2020 yılı heyecanla karşılandı ve bir çok sürpriz durumu da beraberinde getirdi. Bir çoğumuzun hayatı boyunca deneyimlememiş olduğu süreçlerdeyiz. Bu dönemler de sona erecek , yepyeni gerçekliklere uyandığımız sabahlar gelecektir. Her şey geride kaldığında, geçip gittiğinde biz de etkilerini yanımızda taşımayabiliriz.
Belirsiz olan geleceğimizle yüzleşmek, aslında hep içinde olduğumuz sonsuz ihtimallerin gerçekliğini kavramak bizi kaygılandırabilir.Her şey devam ederken biz de negatif duygu ve hisler içine düşebiliriz. Stresi, kaygıyı deneyimlediğimiz ilk anda bedenimizde bizim istemli olarak kontrol edemediğimiz bir tepkiler zinciri başlar. En başta farkına varmayabiliriz. Herkeste farklı yanıtlar ortaya çıkabilir ama eninde sonunda hissettiğimiz her duruma beynimiz aracılığı ile fiziksel tepkiler oluştururuz. Yani bir konuda kaygı, stres deneyimlediğimizde bu durum bize beden ağrısı olarak geri dönebilir. Bu mekanizma karışık olmakla birlikte gerçektir.

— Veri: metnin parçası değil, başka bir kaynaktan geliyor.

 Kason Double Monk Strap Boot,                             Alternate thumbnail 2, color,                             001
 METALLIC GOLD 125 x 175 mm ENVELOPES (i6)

Bu süreçte kendimizi sağlıklı tutmak bizim kendimize karşı görevimizdir. Bu yüzden bir çok şeye dikkat ettiğimiz gibi stresin fiziksel etkilerini de yönetebiliriz. Böylece ilerleyen dönemlerde stresin zararlarını ağrı ve hareket kısıtlılığı olarak çekmemiş oluruz. Evde kalmak, kısıtlı alanlarda zaman geçirmek bizi şu an zorlasa da ileri dönem sıkıntılarından kurtulmak için bu dönemi kaliteli yaşamamız önemlidir.
Bir fizyoterapist ve yoga eğitmeni olarak önerim ilk aşamada kaygılı durumun farkına varmak, bu durumun içine düşmek yerine gözlemlemek ve nefes kontrolünü sağlamak ve uzun dönem stres kontrolü için mutlaka ama mutlaka egzersiz yapmak, hareket halinde olmaktır. Bir çoğumuzun egzersiz alışkanlığı edinmemiş olduğu bir gerçek. Şu anda bu alışkanlığa gerçekten ihtiyacımız var. Artık olay zayıflamanın, formda olmanın da dışında zorluklarla baş edebilecek kadar güçlü olmak.
Zor zamanların etkilerinin üzerimize yapışmasına izin vermeyelim. Fark edelim ve mücadele edip kaygıyı daha da arttırmak yerine zorlukları dönüştürelim. Nereden başlasak kardır.